Amos Jeffries [Mon, 8 Oct 2012 06:30:38 +0000 (00:30 -0600)]
Portability: permit eCAP build without pkg-config
Windows does not have a port of pkg-config, other OS may be in the same
situation. That only impacts on Squids ability to confirm the library
version not on its ability to link and use it.
This reduces some configure errors to warnings when pkg-config is not
located on the local system.
Amos Jeffries [Mon, 8 Oct 2012 05:21:11 +0000 (23:21 -0600)]
Windows: cleanup Squid OS detection macros
* _SQUID_WINDOWS_ for any Windows build specific code
* _SQUID_CYGWIN_ for CygWin Windows build specific code
* _SQUID_MINGW_ for MinGW Windows build specific code
Amos Jeffries [Mon, 8 Oct 2012 04:27:26 +0000 (22:27 -0600)]
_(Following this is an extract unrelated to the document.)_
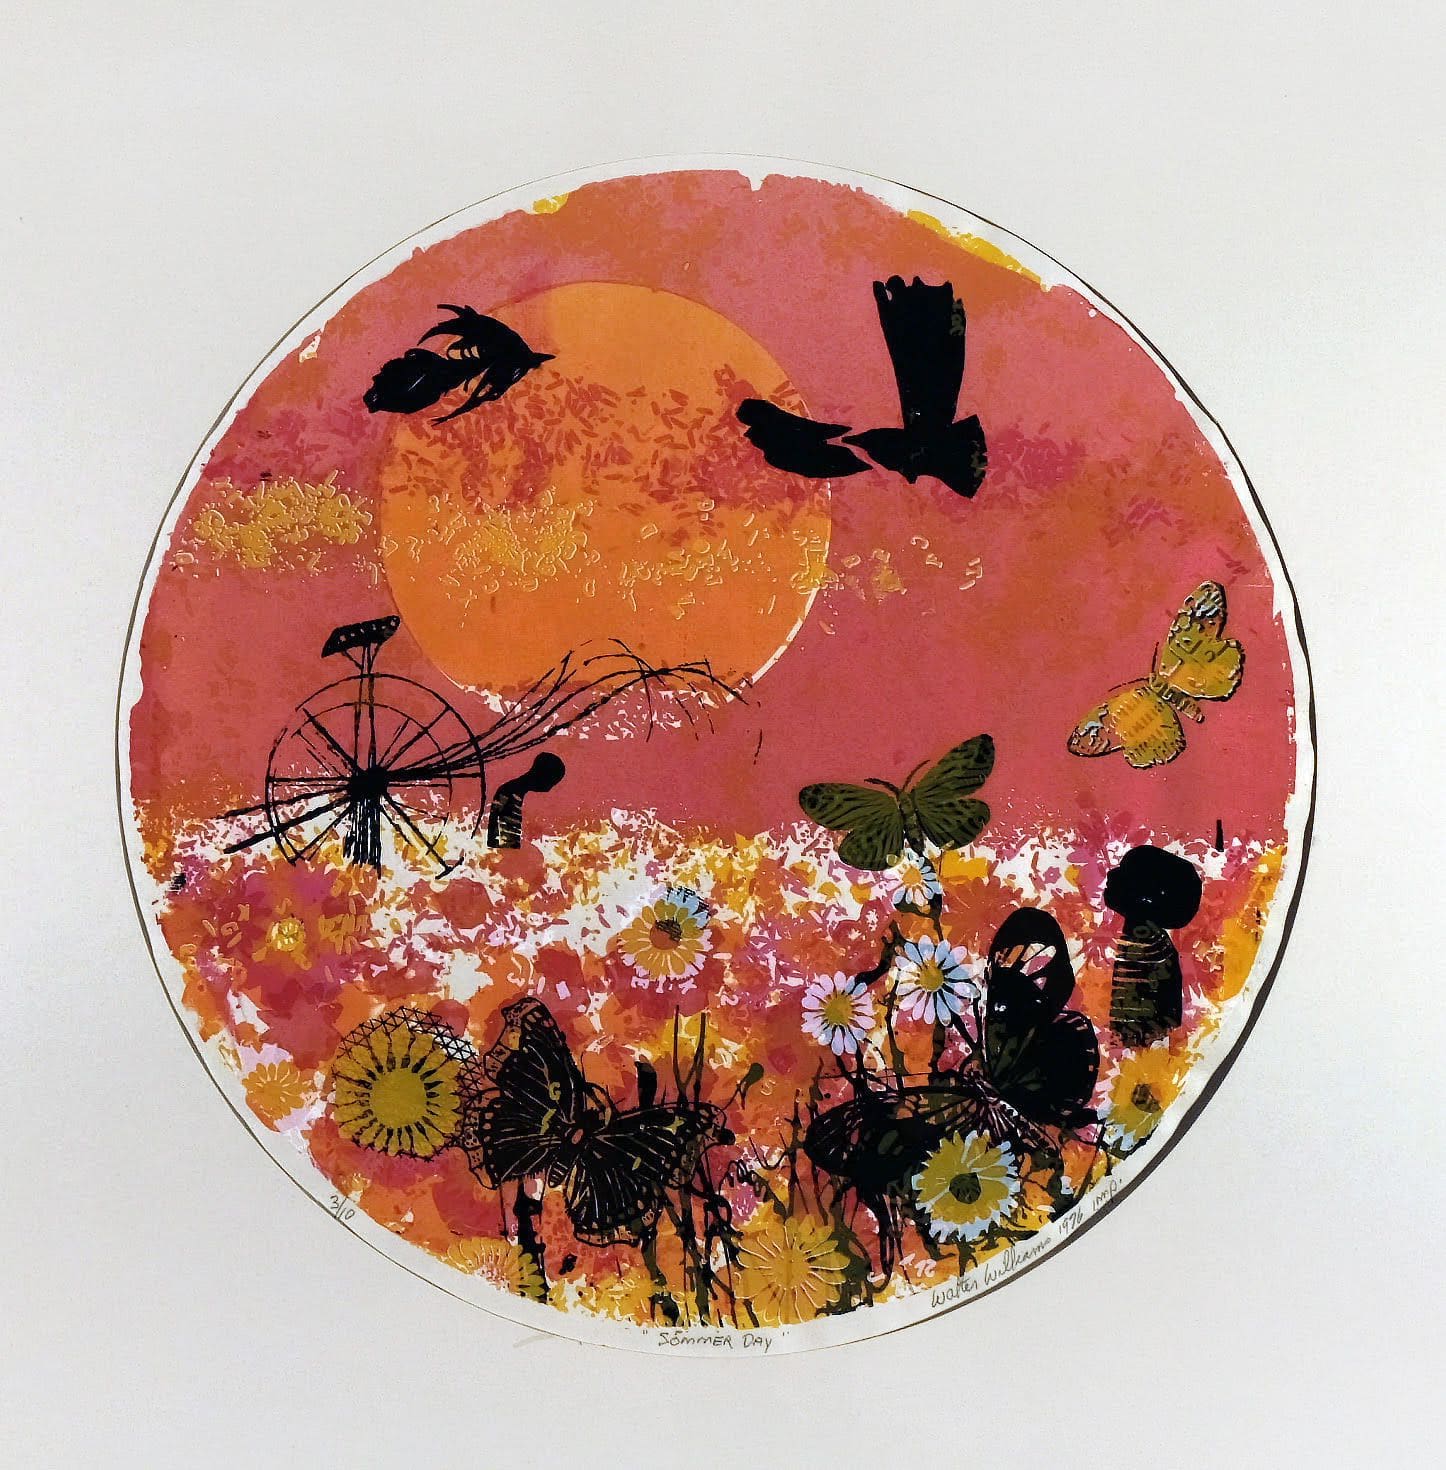 Summer Day, 1976, color woodcut, 14 1/8 inches, diameter, $7,000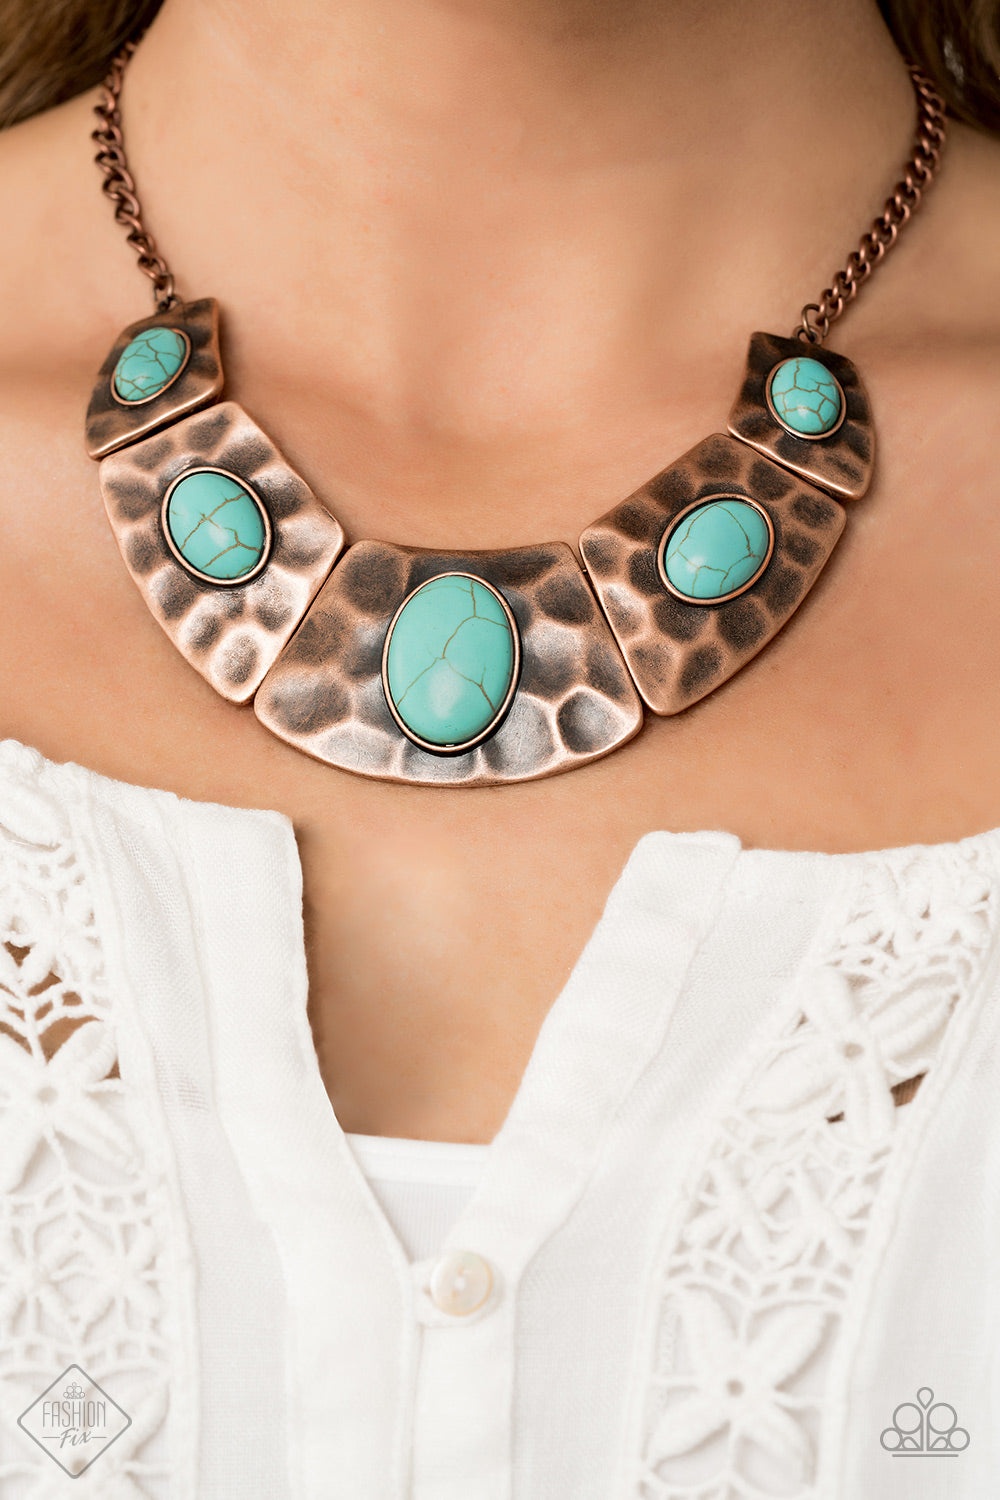 RULER IN FAVOR - COPPER BLUE TURQUOISE CRESCENT NECKLACE

Windows: support customization of --prefix= via compat/autoconf.h
Rather than defining DEFAULT_PREFIX on the compiler command line this
builds its value into autoconf.h for use whenever needed. Avoiding
otential issues with buggy Makefile.am coding.
Also allows the --prefix value to be sourced from the autoconf internal
default settings instead of requiring a manual --prefix parameter for
SNMP module to build and link properly.